Phase 4 — Validate + cut over (30 min)

  1. Deploy the updated wrapper to mana-server.
  2. Smoke: curl https://mana.how/api/v1/geocode/search?q=Hausarzt+Konstanz should now return real results (was empty before this work).
  3. Health: curl https://mana.how/api/v1/geocode/health/providers should show self_photon: healthy.
  4. Watch latency for 24 h via the existing Prometheus probes.
  5. Pelias container can be deleted from Mac mini (docker compose -f services/mana-geocoding/pelias/docker-compose.yml down -v) — frees 5 GB disk + the Docker volume.

Phase 5 — Maintenance baseline (10 min/week)

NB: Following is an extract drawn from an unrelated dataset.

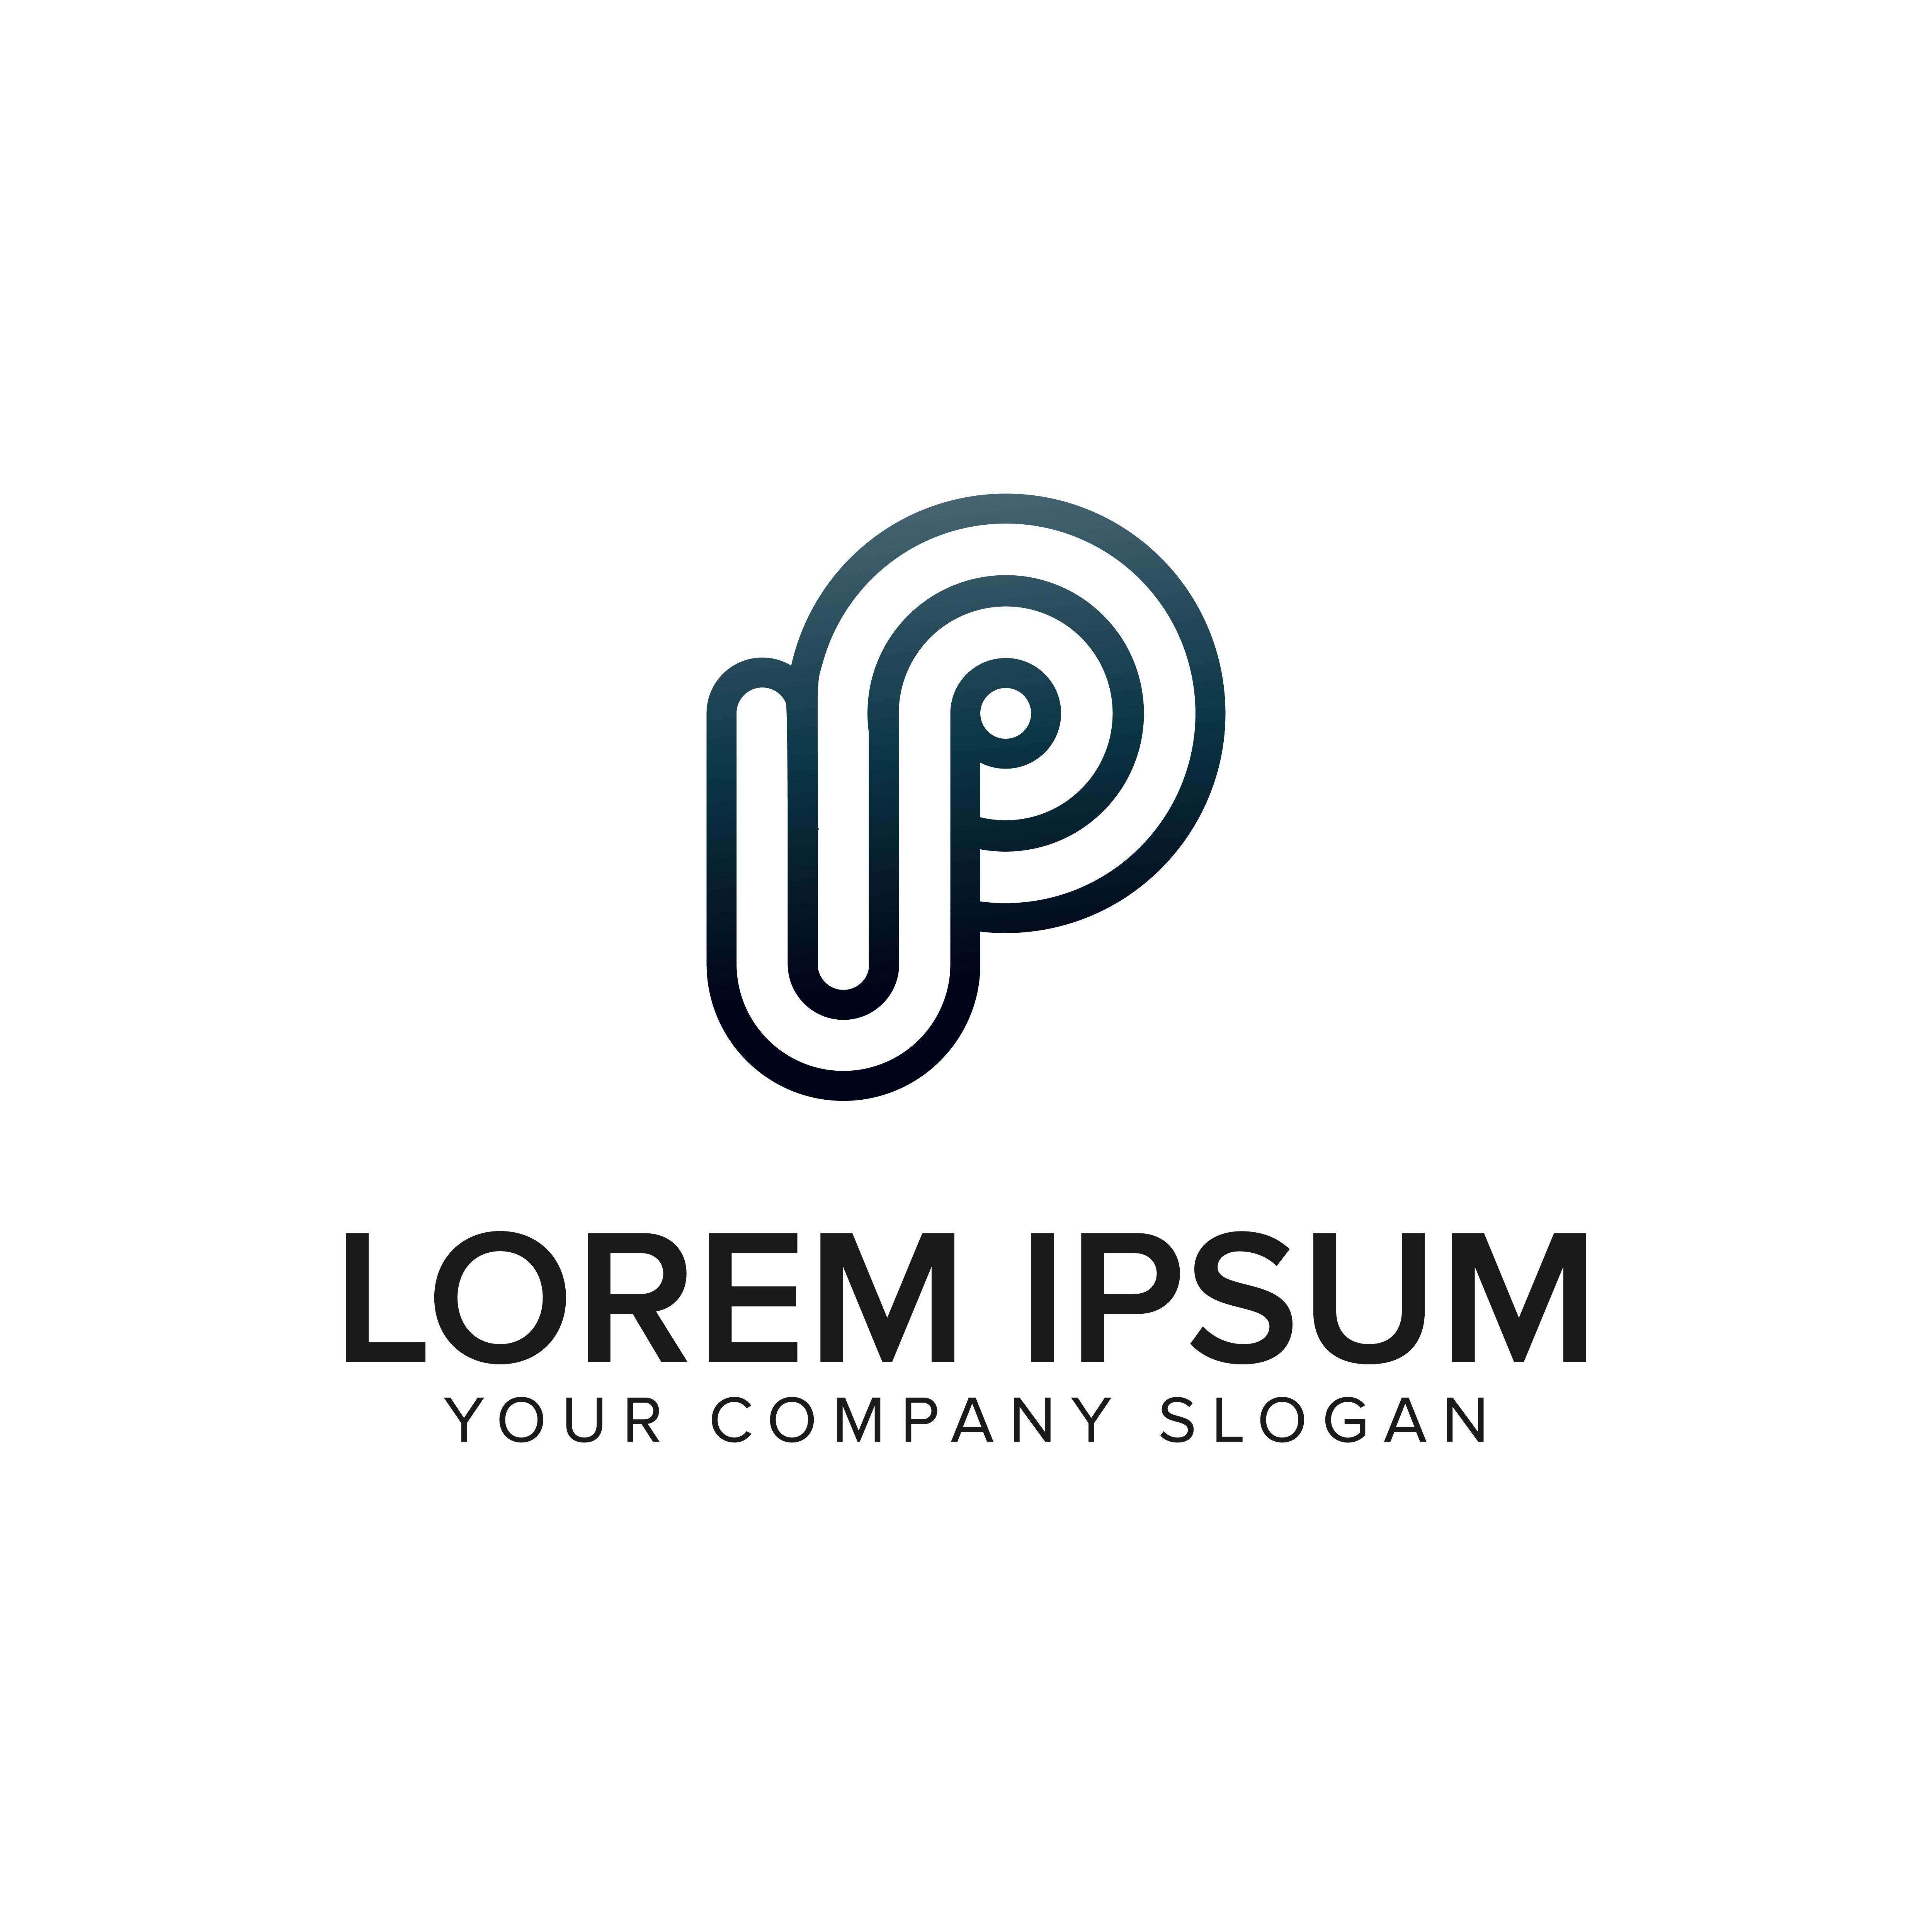 Modern Letter K Logo Concept: Simple Letter P Logo Design Concept Template

  1. Cron job on mana-gpu: every Sunday night, download the latest Photon dump, unpack to a sibling directory, swap-symlink, restart container. ~30 min unattended.
  2. Keep CLAUDE.md in services/mana-geocoding/ updated when the topology changes.

Open questions

  1. GPU server RAM — we don't know the actual amount. If it's <16 GB, drop to Photon-Germany only and skip Europe.
  2. Backup strategy — Photon's data is reproducible (download from GraphHopper anytime), so no backup needed. Confirm this assumption — if GraphHopper goes away, we lose the easy-update path.
  3. Reverse-geocode quality — Photon's reverse implementation is OK but not its strongest feature. If we see degraded reverse results vs the old Pelias setup, we can layer a tiny Nominatim instance on top later. Not worth doing pre-emptively.
  4. Cross-LAN latency — adds 520 ms vs the old localhost setup. Acceptable; cache TTL stays 24 h for local provider.

Why not other tools

  • Mimirsbrunn (Pelias-derived): less maintained, French/Spanish focus, smaller community. No win over Photon.
  • Gisgraphy: Java + Postgres, similar resource profile to Nominatim, less actively maintained than either Nominatim or Photon. No win.
  • OpenAddresses + custom indexer: months of work, and we'd be the only users. Hard pass.
  • Self-hosted Mapbox: doesn't exist as such; their offering requires their cloud.
  • Bezahltes API als Backup-Tier (MapTiler / OpenCage): still worth adding later as a 4th tier behind self-hosted-Photon + public-fallbacks. Not blocking.

What this avoids

  • Re-running the Pelias import pipeline. That alone would have been 4590 min of operator time per data refresh.
  • The libpostal RAM tax. Photon does its own address parsing without libpostal's 2 GB model.
  • The patched JS file. Photon returns OSM tags by default; no API patch needed.
  • A second Postgres tenant. Nominatim would force one. Photon is fully self-contained.
  • Public-API dependency for the warm path. Photon-self-hosted is privacy-clean for ALL queries, not just sensitive ones.